Y esa extensión universitaria era posible gracias a los respaldos, en primer lugar de las entidades herederas de Ensidesa. Actualmente el respaldo de Arcelor Mittal debe ser calificada realmente de ejemplar en todos los sentidos. También la ayuda del mundo empresarial asturiano y todo hay que decirlo, muchísimo la sociedad asturiana, la de los medios de información a multitud de entidades. Ejemplo en este sentido es el del Ayuntamiento de Gozón, precisamente donde se encuentra geográficamente La Granda.

Con todos estos respaldos se ha montado una nueva reunión a lo largo del mes de agosto para este año. La lección de apertura corresponde a uno de los mejores maestros actuales de la economía española, el Gobernador del Banco de España, Luis Linde de Castro. La clausura, para celebrar precisamente el cuarenta aniversario de la normalización diplomática de España en toda el área mundial, aparte del engarce que iba a tener lugar al parecer la Unión Monetaria, corresponde a quien conoce esto de una manera directísima por haber sido su protagonista. Esa conferencia, por tanto, será dada por Marcelino Oreja, Marqués de Oreja, el 31 de agosto.

A lo largo de todos estos años hemos colaborado, en la medida de nuestras fuerzas, con todas las instituciones políticas, intelectuales, económicas, asturianas que nos solicitaron algún tipo de apoyo. También hemos estrechado enlaces con instituciones asturianas, no sólo del triángulo de las grandes urbes -Oviedo, Gijón, y Avilés- sino también en multitud de concejos, empezando por el de Gozón y su capital, Luanco y por supuesto con muchísimos más, aparte de ello nuestra referida vinculación con Arcelor, esa gran empresa siderúrgica del ámbito europeo. Todo ello nos enorgullece de modo extraordinario.

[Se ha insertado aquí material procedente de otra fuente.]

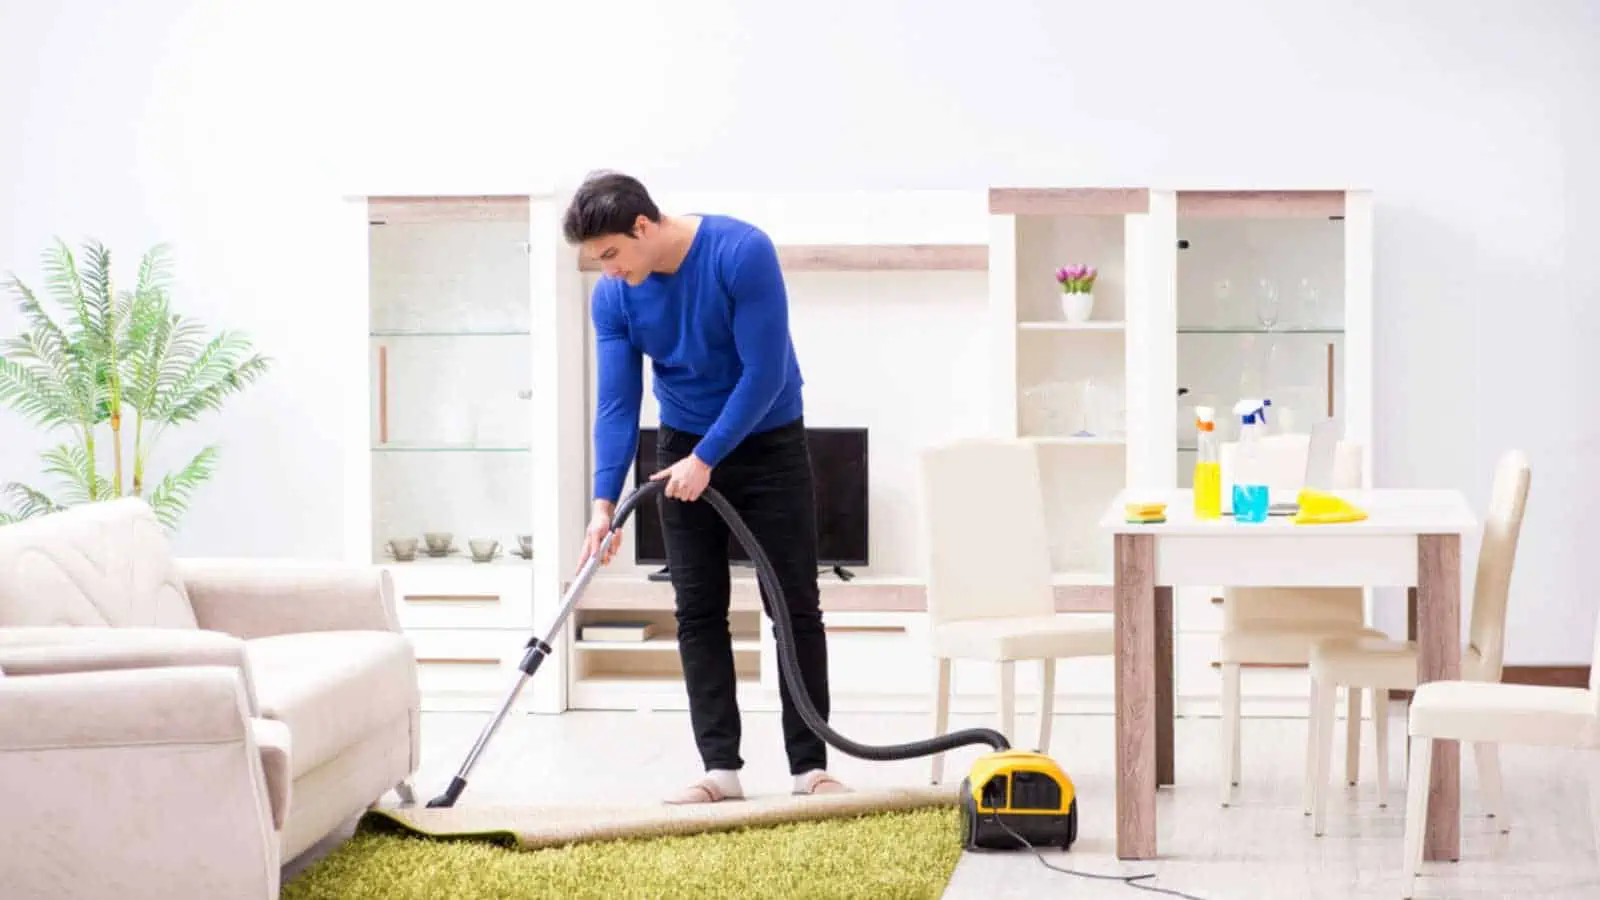 Man cleaning.

Llevamos así trabajando más de treinta y ocho años. Sospecho que buena parte de lo conseguido ha sido porque hemos asumido, con todas sus consecuencias, desde los momentos iniciales, quienes hemos dirigido los Cursos de La Granda el lema que tenía la implacable infantería de Cromwell: “Nulla vestigia retrosum”, o sea: “Ni un paso atrás”.